O critério constitucional de 1988, estabelecendo quatro graus de jurisdição para o trânsito em julgado, não parece mais se justificar à luz daquilo que justificou sua adoção à época. Mas o critério é esse. Modificá-lo via entendimento jurisprudencial, quando não há inconstitucionalidade em um texto legal que só reforça o que a Constituição estabelece, é arriscado e ilegítimo.

Não cabe ao STF modificar os critérios constitucionais, mesmo quando a realidade mostra que existe a possibilidade de manobras protelatórias que, degradando a intenção do Constituinte, retardam o andamento dos processos e impedem a execução de sentenças. Mas a realidade é essa. Respeitar o critério enquanto posto não significa ignorá-la, não significa que o critério não possa ser (re)discutido pelas vias legítimas.

A Constituição de 1988 acerta ao proibir que direitos fundamentais sejam flexibilizados. O direito, afinal, é a limitação institucional da autoridade por excelência. Não é necessário nem sequer desejável, então, que garantias jurídico-constitucionais sejam atacadas com base em juízos de moralidade política — sobretudo por intermédio de uma superinterpretação jurisprudencial ilegítima. 

O que deve ser enfrentado, sim, é um sistema recursal disfuncional que acaba por dar razão aos argumentos daqueles que preferem atacar as garantias; um sistema que sobrecarrega os tribunais — desvirtuando o papel de Corte Constitucional do STF e dificultando o acesso à Justiça — e serve de garantia de impunidade àqueles que conseguem utilizá-lo num país que, ao mesmo tempo, parece até hoje incapaz de reconhecer o princípio da insignificância. 
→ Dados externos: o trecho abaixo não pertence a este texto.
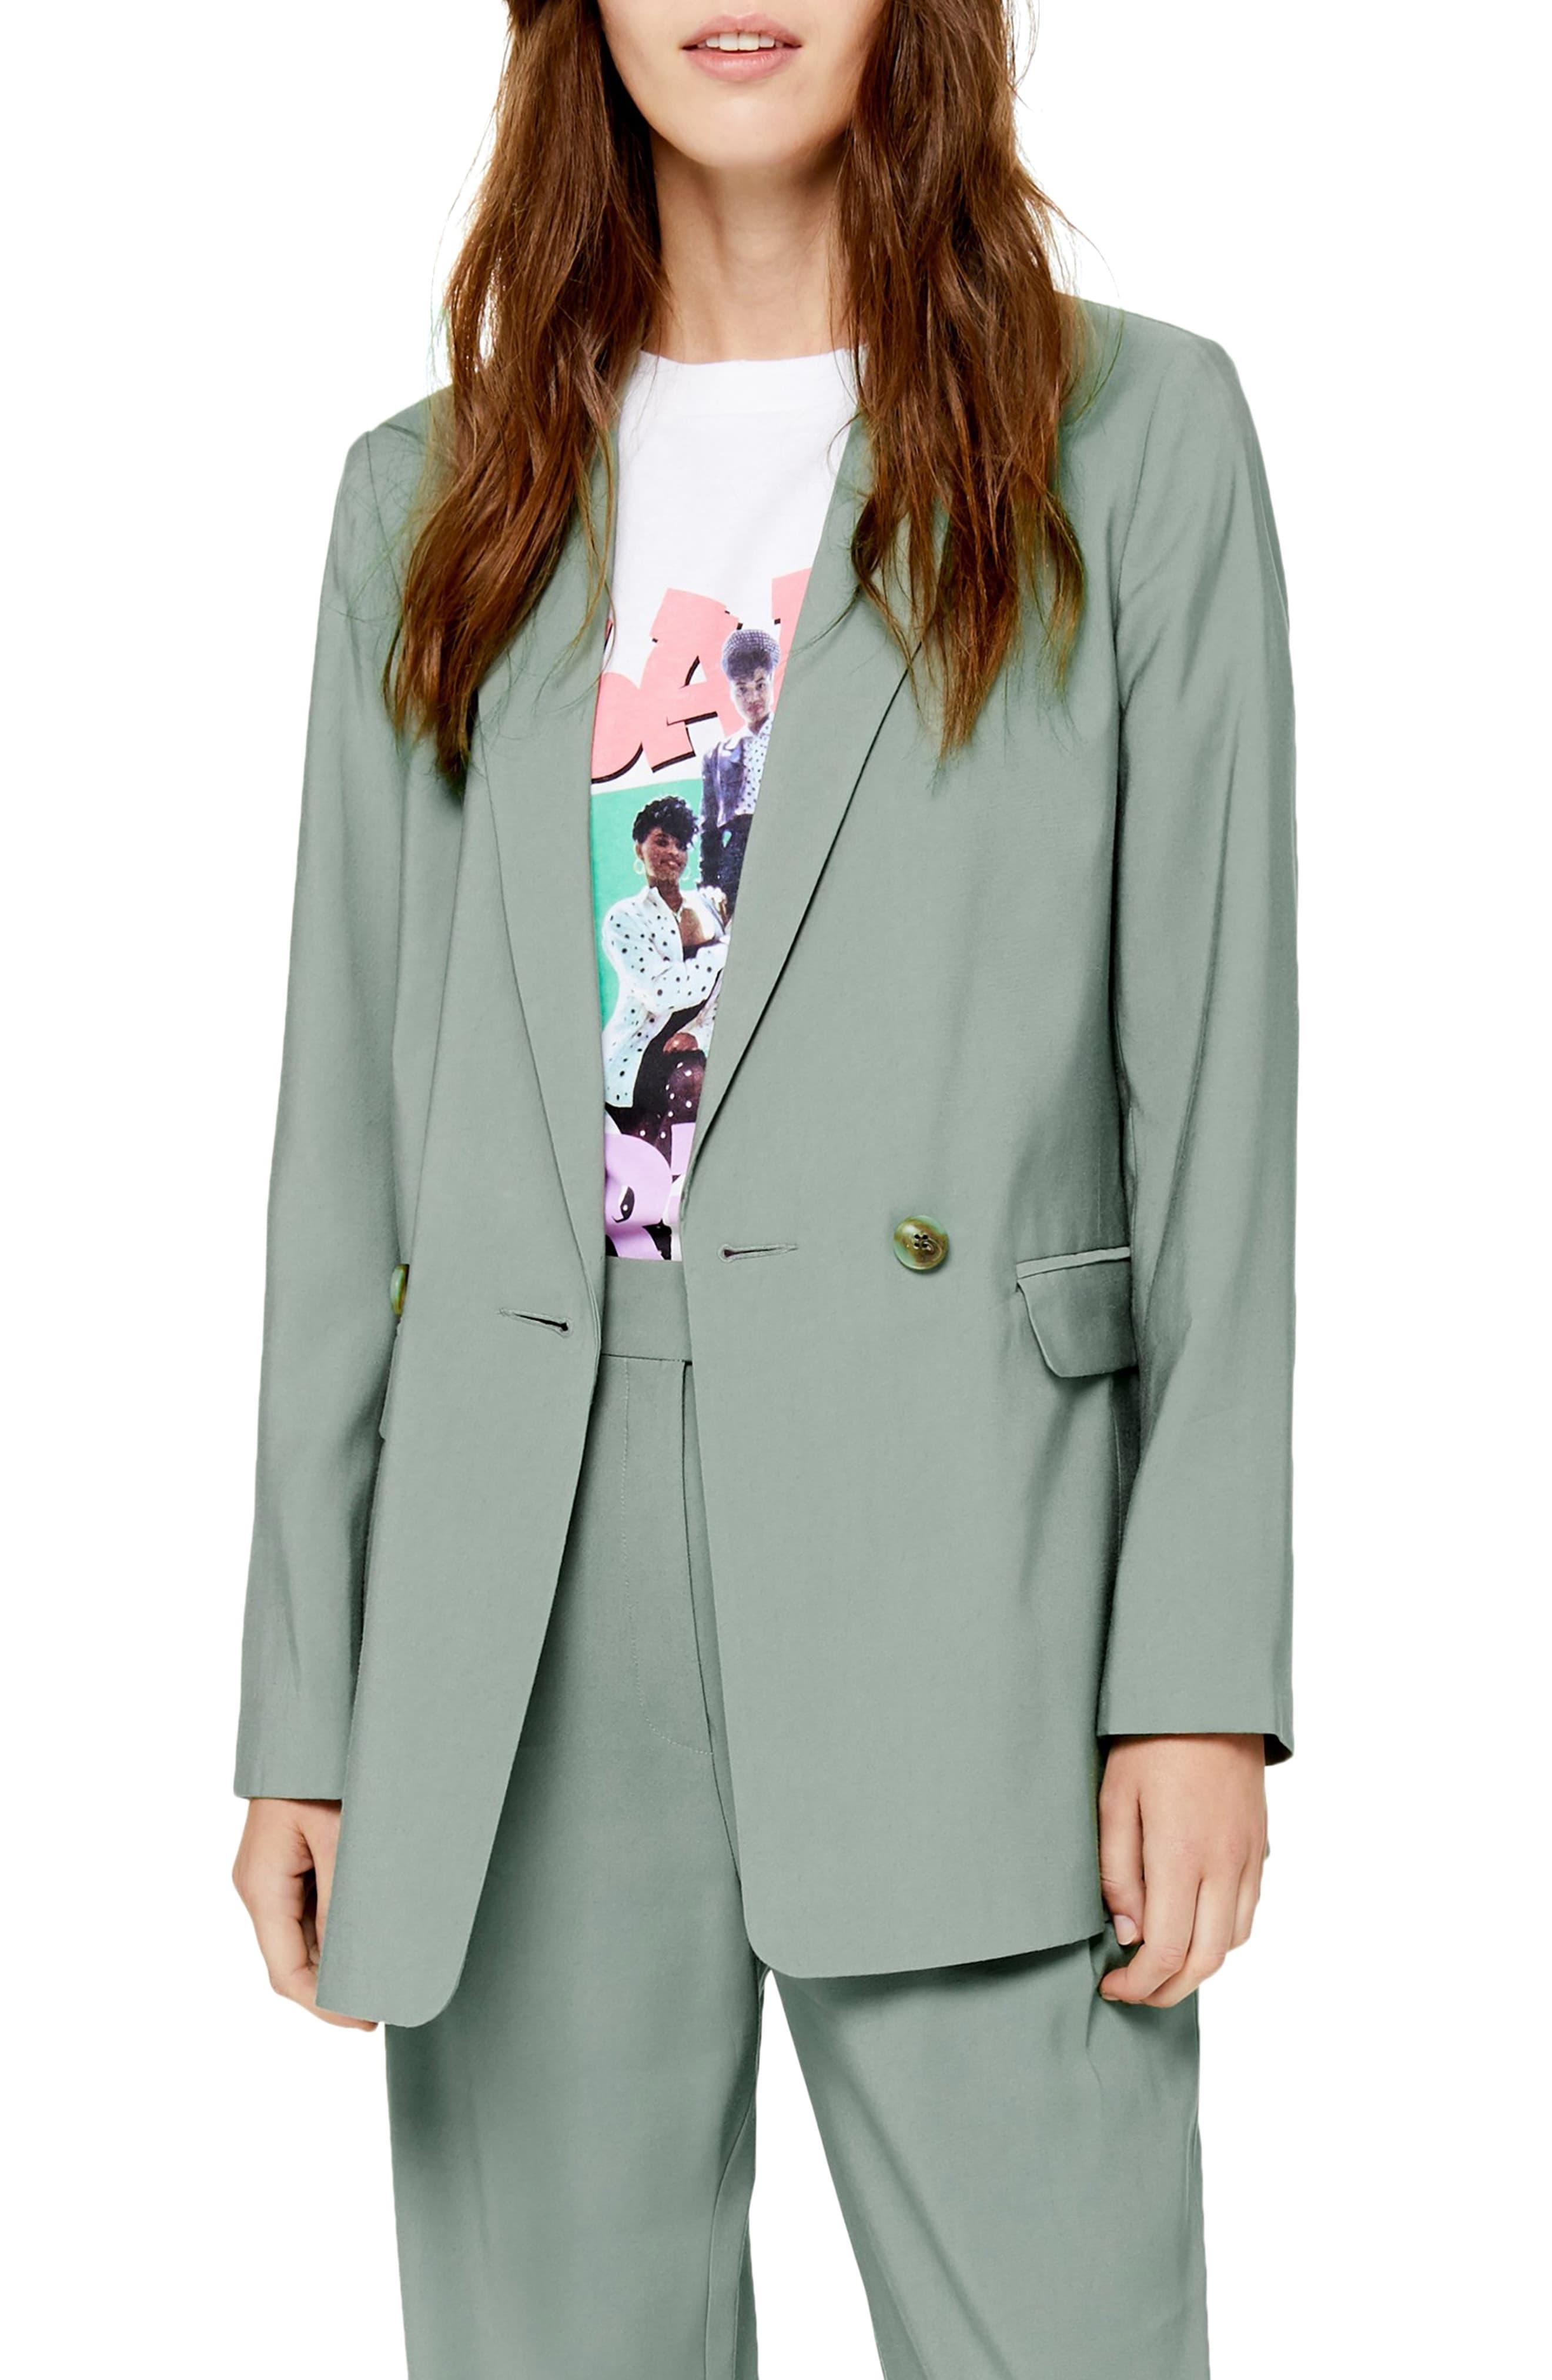 TOPSHOP Millie Double Breasted Blazer in Olive (Green) - Save 63% - Lyst

Hoje, a prisão após decisão condenatória em segunda instância é inconstitucional. Mas não precisa ser. Uma nova PEC dos Recursos resolveria problemas reais, graves, sem que para isso fosse necessário recorrer ao Supremo em busca de uma inconstitucionalidade que não existe. Entre um pragmatismo raso e um legalismo de ocasião, existe um justo meio que respeita a legalidade e a realidade brutal de um país que só será capaz de dar conta dela quando souber lidar com seus dilemas e idiossincrasias de modo adequado e legítimo.

. . .

[1] Ver, nesse sentido, o texto da petição inicial da ADC 44, elaborada por Lenio Streck e André Karam Trindade, com revisão de Juliano Breda. Os autores demonstram que a declaração de inconstitucionalidade do art. 283 opera uma “superinterpretação” da expressão “trânsito em julgado”, ultrapassando os limites semânticos do texto legal e os próprios limites da interpretação. Streck atuou como amicus curiae no julgamento perante o Supremo Tribunal Federal e, em sua sustentação, reforçou os argumentos da ADC, lembrando o papel contramajoritário do Supremo Tribunal Federal, a responsabilidade política subjacente ao ato decisório e o paradoxo de uma declaração de inconstitucionalidade em um texto infraconstitucional que reforça o que a Constituição (já) diz.  

[2] O tratamento que é por vezes dedicado ao direito por alguns setores da imprensa não especializada parece-me ter uma parcela de responsabilidade nisso, ao distorcer e fulanizar ainda mais uma questão já distorcida e fulanizada. Exemplo disso, por todos, é um tweet da jornalista Mônica Bergamo após o voto da ministra Rosa Weber: “Rosa Weber vota contra prisão depois de condenação em segunda instância e Lula pode ser solto”.

[3] Waldron, Jeremy. Stare Decisis and the Rule of Law: A Layered Approach. Michigan Law Review, vol. 111, n. 01, 2012, pp. 15-16.

[4] ADCs 43, 44 e 58. Voto da Senhora Ministra Rosa Weber.

[5] ADCs 43, 44 e 58. Voto de Rosa Weber.

[6] A PEC foi desidratada e, em sua versão final, simplesmente autorizava a prisão após decisões condenatórias. O próprio ministro disse à época que isso seria inconstitucional. Além disso, como lembrou o Prof. Rafael Mafei, em belíssimo ensaio sobre todo esse debate, “[o] fato de que o presidente do STF tenha buscado essa alteração por emenda há pouquíssimo tempo sugere o reconhecimento institucional de que não seria possível fazê-lo por mera interpretação”. 

[7] Cf. Streck, Lenio Luiz. De Oliveira, Rafael Tomaz. As Garantias Processuais Penais. Porto Alegre: Livraria do Advogado, 2012, pp. 23-30.